The 4 percent compares with a 3 percent rise in the typical 529 college savings age-based stock and bond fund through April of this year, according to market analyst Morningstar Inc.
While relatively unknown, the 529 plans are quickly becoming the college savings vehicle of choice with Americans pumping $10 billion into them last year. That compares to about $2 billion placed into education Individual Retirement Accounts, or Coverdell IRAs, over the same period, according to the Financial Research Corp.
Though Coverdell IRAs allow withdrawals for elementary, high school as well as college costs, they only allow tax-free savings of up to $2,000 a year.
The contribution limit for the 529 plans is $11,000 a year, or a maximum of $55,000 provided there are no other contributions for the next five years.
The 529 plans have skyrocketed from about $2 billion in 2000 to $21.3 billion at the end of March, said Whitney Dow, director of Education Savings Research for Financial Research Corp.
"They have really been growing fast," he said.

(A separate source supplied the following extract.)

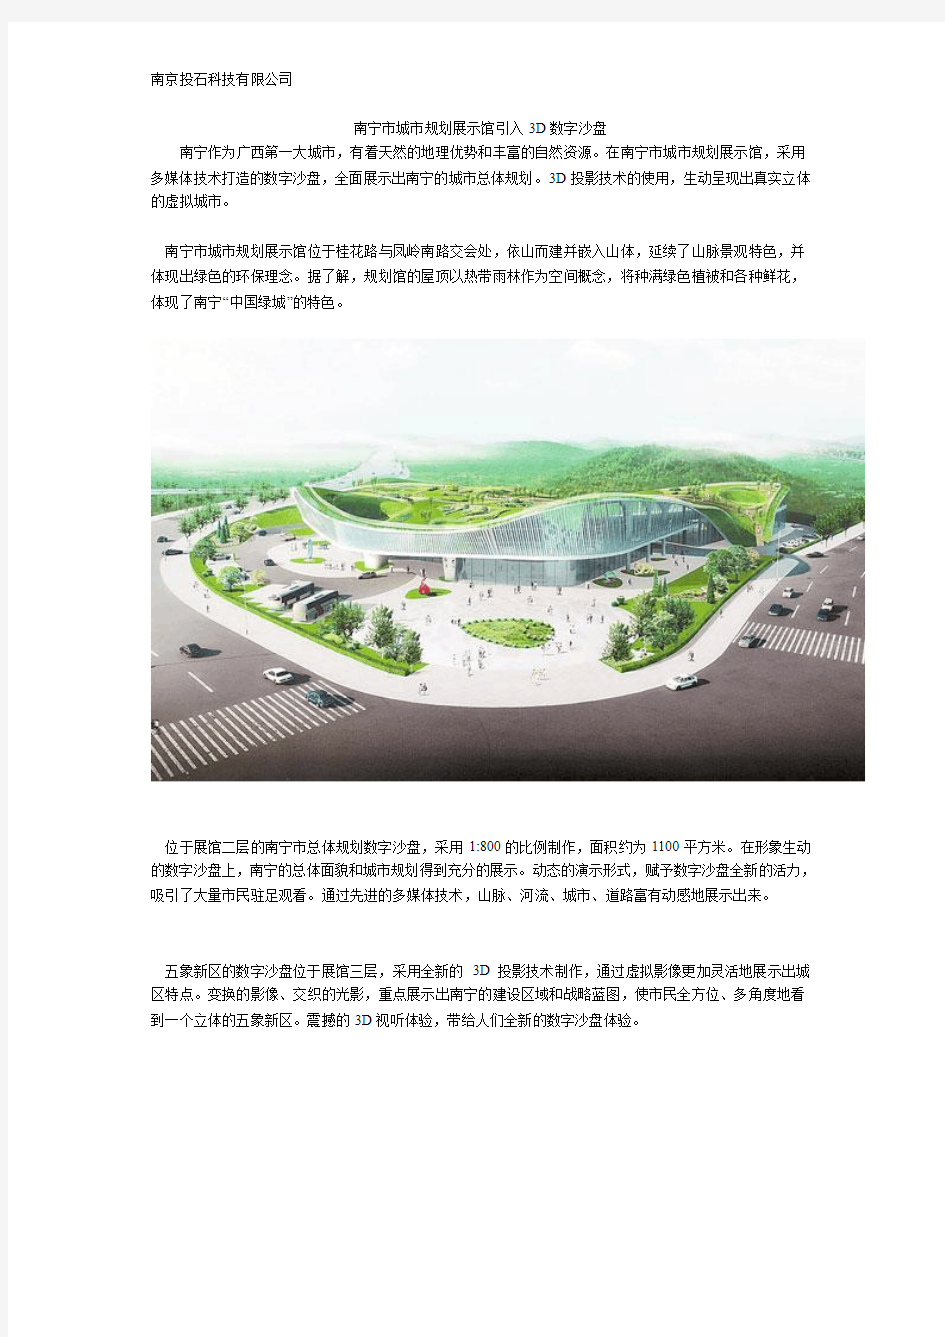 南宁市城市规划展示馆引入3D数字沙盘

Their popularity also stems from their use as a haven from taxes and as a vehicle for transferring wealth from one generation to another, said Casey Copus, manager for First Hawaiian's First Investment Center. Account holders, rather than beneficiaries, decide what to invest in and when to make withdrawals.
"For a grandparent, it is a way to move money from your estate while still having some control over it," Corpus said.